Commercial Real Estate Short Sales a Win for Everyone
Short sales can work well for lenders, borrowers, brokers and investors when the borrower and property are conducive.
Lenders can often achieve a better recovery in a properly marketed short sale than they can foreclosing or selling the note. Properties sell for a higher price when the seller cooperates by providing buyers access and deliverables. Buyers having access to property history, leases, income and expense records, environmental reports and entitlements take some of the unknowns out of the purchase. If the property does not have liens or other financing, and chasing the borrower for a deficiency is not the best option, we have seen many lenders increase recoveries when the property is properly marketed.
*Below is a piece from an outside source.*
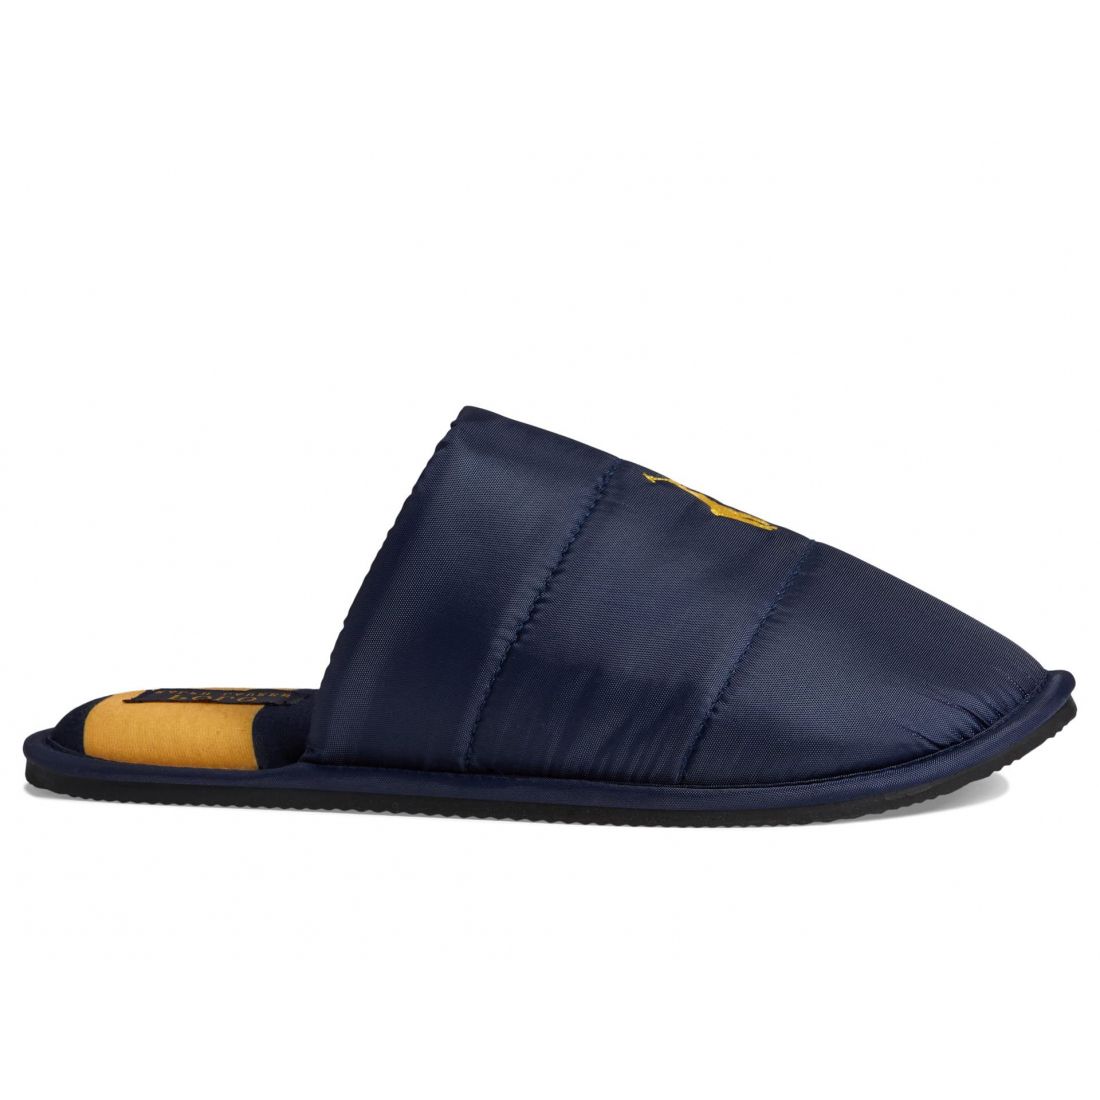 Polo Ralph Lauren - Chaussons 'Kalrence' pour Hommes

Bull Realty recently sold a Midtown Atlanta block involving an insolvent developer, a regional bank and a community bank. In exchange for release of liability, the developer aided in the marketing of the property. The lenders recovered millions more through the short sale than they would have achieved by selling the note or by foreclosing on the property. The closing was much faster versus the foreclosure route, since the buyers had access to the developer’s entitlements and knowledge of the property. Since the lender was never in the chain of title, the lender also had less risk than it would have had in the foreclosure process.
Note the interesting distinction: the broker was marketing the property for the property owner/borrower, but the lender has the only equity.
One of the best practices we have seen is for lenders (after proper release from the borrower) to have some say in who and how the property is being marketed, receive copies of offers, and receive marketing updates from the broker. If the lender is releasing the borrower from liability, the borrower should release the lender from ‘lender liability’ and be willing to share the marketing process with the lender. The lender is more comfortable proceeding with a short sale, given that they can suggest or approve who is marketing the property and know how the process is going. Remember the saying: he who has the money makes the rules.
The borrower should work proactively with the broker to market the property; present the property well, including all deliverables; and counter offers as normal to achieve the best price possible. Be sure to add a proper contingency to the contract related to approval by lender.
When the property and borrower are conducive to short sales, they can achieve a win-win-win-win for the lender, borrower, broker and the investor.